Il presidente del Consiglio, Giuseppe Conte, ha fatto un accenno nella conferenza stampa di fine anno: qualche ministro potrebbe cambiare. Da allora piovono smentite, ma anche indiscrezioni. Il primo indiziato resta sempre Giovanni Tria, il ministro dell'Economia che pure dice di essere "vincitore morale" della battaglia sulla manovra. Ma la poltrona di via XX settembre fu la più delicata da assegnare e la memoria del caso-Savona è ancora fresca. Se Tria saltasse, chi potrebbe prendere il suo posto? Gli altri dicasteri a rischio sono tutti grillini: Danilo Toninelli ai Trasporti, Elisabetta Trenta alla Difesa, Barbara Lezzi al Sud e Giulia Grillo alla Salute non hanno convinto, vuoi per qualche gaffe di troppo o perché poco apprezzati dalla base del Movimento. E scaldano i motori Riccardo Fraccaro, dato per favorito al posto di Toninelli, e Carla Ruocco, possibile sostituta di Lezzi.

Conte e Di Battista

Altro possibile tema di scontro: il ruolo di due personaggi in ascesa, il premier Conte e Alessandro Di Battista.

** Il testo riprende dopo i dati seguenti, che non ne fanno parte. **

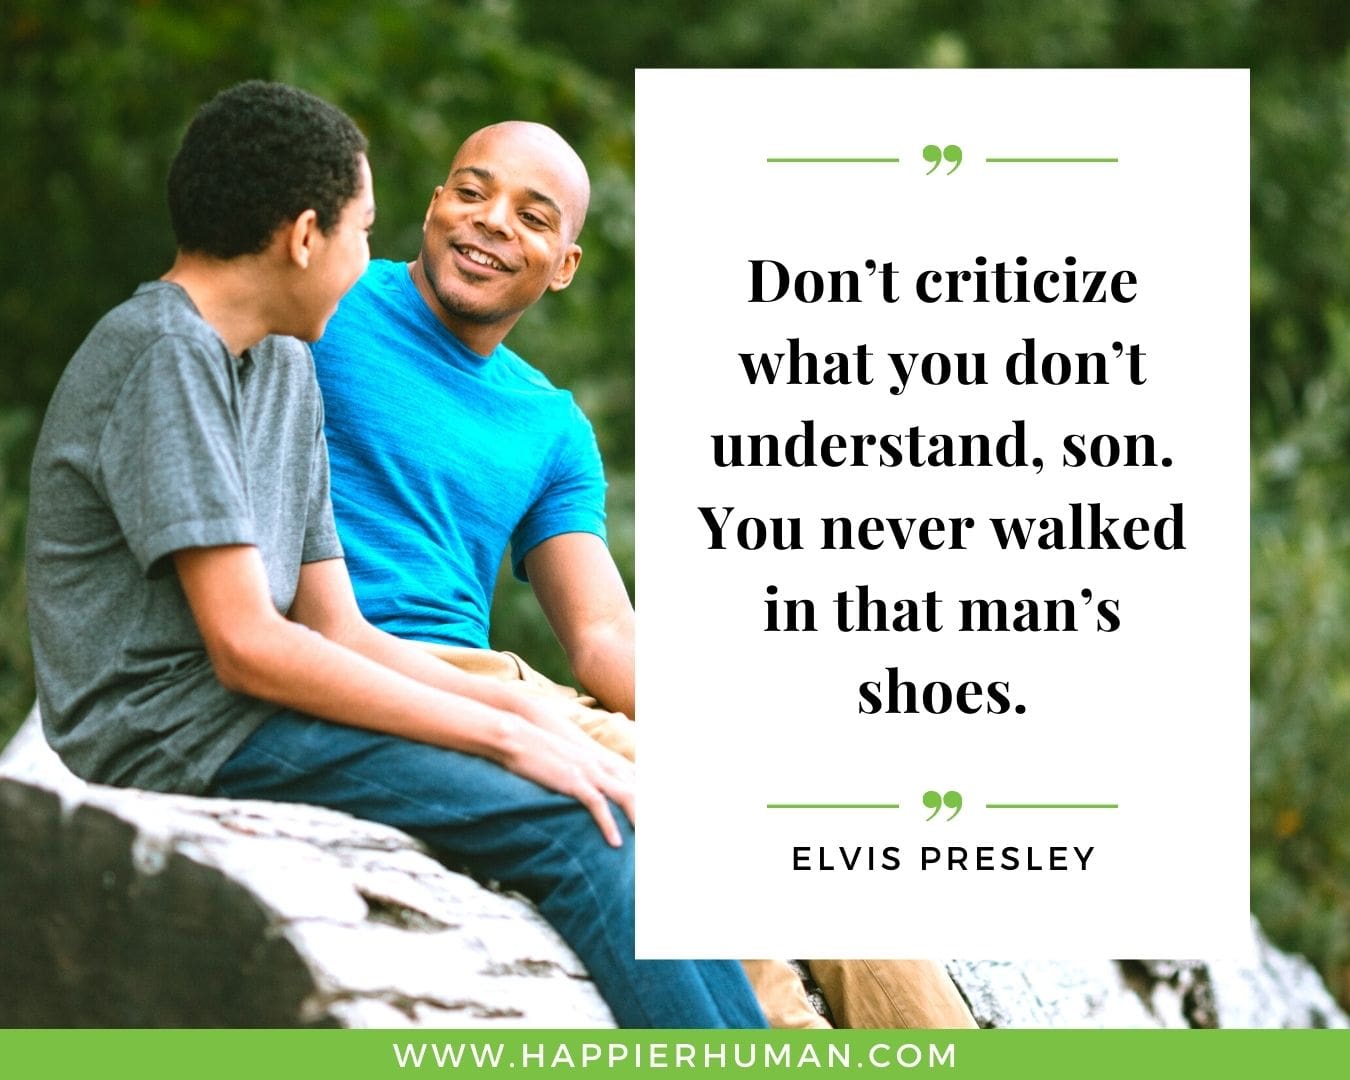 Haters Quotes - “Don’t criticize what you don’t understand, son. You never walked in that man’s shoes.“ - Elvis Presley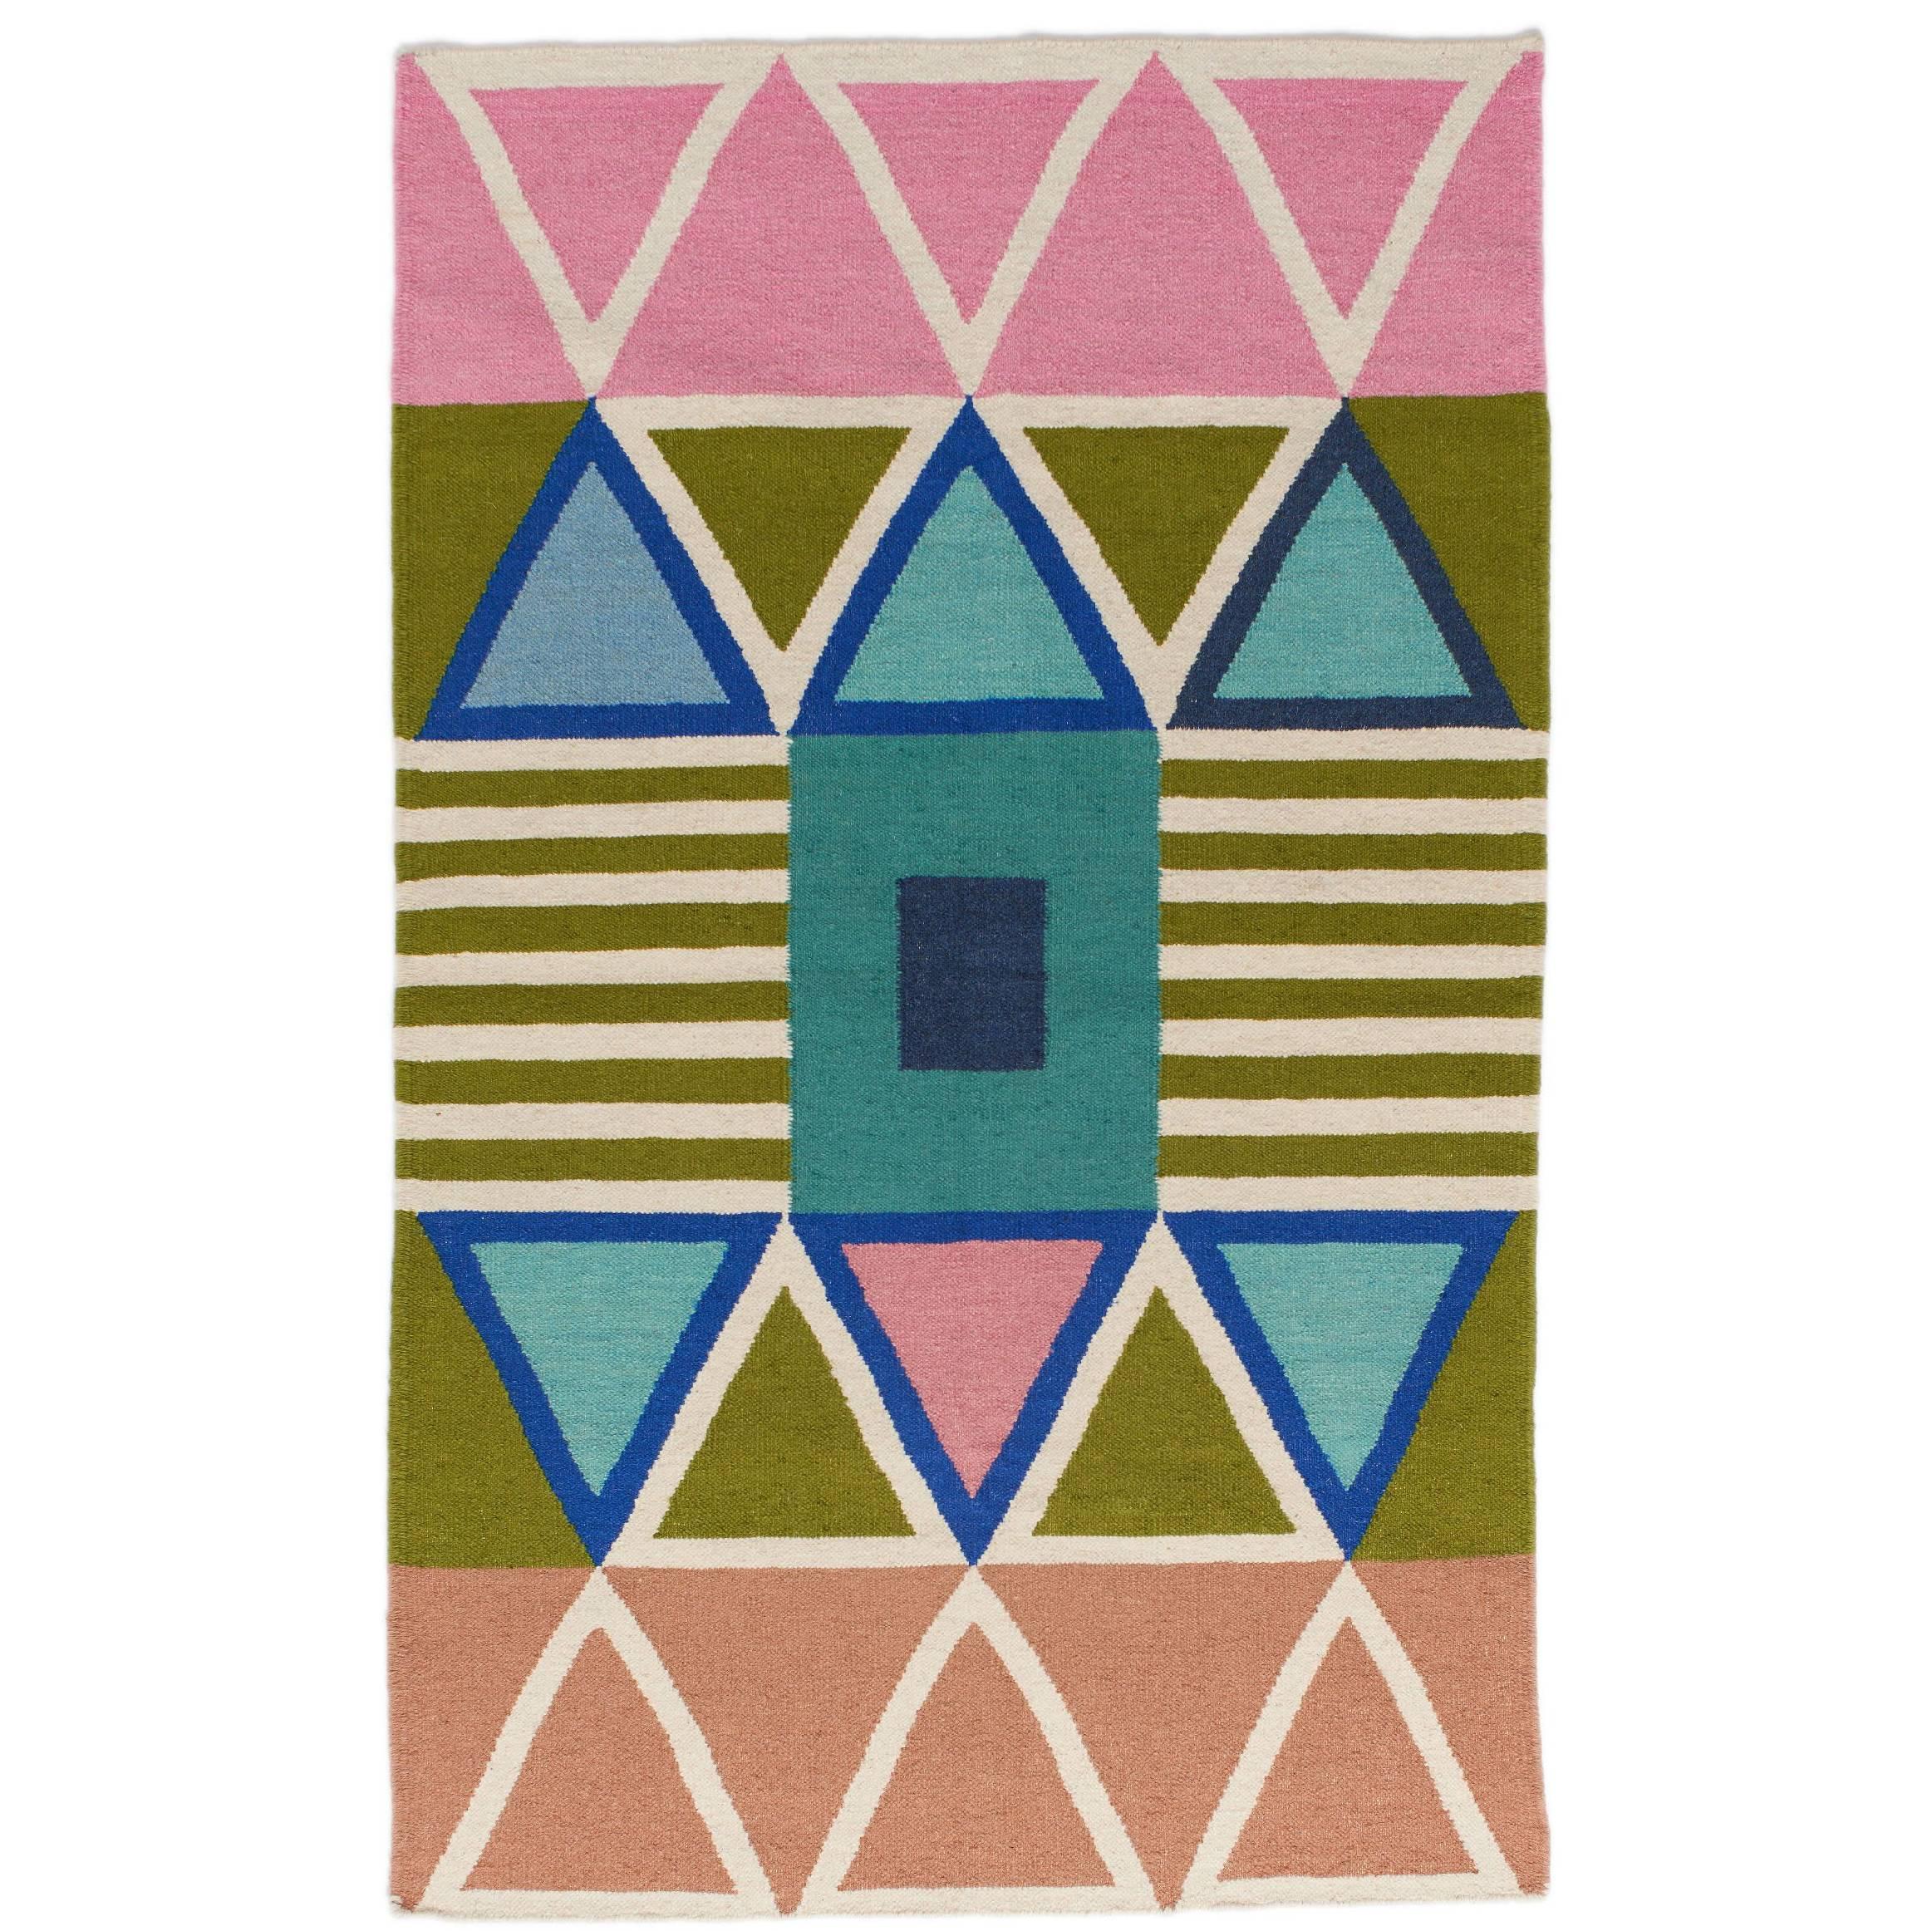 Bright Modern Dhurrie Handwoven Geometric Colorful Pink Blue Rug 8'x10'

Il primo ha vivacchiato nei primi mesi di governo, stretto dall'irruenza di Salvini e Di Maio. All'improvviso a dicembre si è preso la scena, intestandosi la trattativa con Bruxelles che ha evitato la procedura d'infrazione. Ma se lui cresce, i vicepremier diminuiscono: un'equazione che non sta bene ai leader di Lega e M5s. E cosa dire di Di Battista? La vacanza in Guatemala è stata un colpo di teatro, è rimasto fuori dalla logorante quotidianità romana ma si è fatto notare con le sue uscite spesso sopra le righe. Ora è rientrato in Italia e si dice che per lui sia pronta una poltrona nella squadra di governo. Basterà o Dibba vuole qualcosa di più, dentro il Movimento e non solo?

Tav e autonomie

Ma non solo le dinamiche interne ai partiti agitano la maggioranza. Nelle ultime settimane parecchi temi sono stati motivo di litigi, dalle politiche per lo smaltimento dei rifiuti alla legittima difesa. Due argomenti in particolare potrebbero portare allo scontro. Il primo è la Tav: il Movimento non può permettersi di approvarla, dopo aver ceduto su Tap e Terzo valico. Ma la Lega, spinta dagli imprenditori, non cede sul completamento. E poi c'è il dossier autonomie: punto di forza della Lega, Di Maio teme che la riforma possa portare troppi vantaggi alle regioni del nord governate dalla Lega.

Rapporti con la Ue ed elezioni europee

Tra tante incertezze c'è un punto fermo: l'Europa sarà decisiva nell'anno che verrà. Su due fronti. Il primo è quello dei rapporti con la Commissione europea che ha promesso di tenere d'occhio i conti italiani dopo la lotta sulla manovra, e potrebbe chiedere correzioni al bilancio nel caso in cui le misure economiche messe in campo dai gialloverdi non diano gli effetti sperati. E poi c'è il voto di maggio per il Parlamento europeo: in gioco un posto nella futura commissione, a cui ambiscono sia Lega che Movimento. Ma c'è anche l'incognita risultato: tanti retroscena convergono nel dire che Salvini sogni di prendere un voto in più di Di Maio, per poi rivendicare la poltrona di palazzo Chigi. E allora sì che il governo del cambiamento, sopravvissuto a mille scossoni, potrebbe crollare aprendo scenari imprevedibili.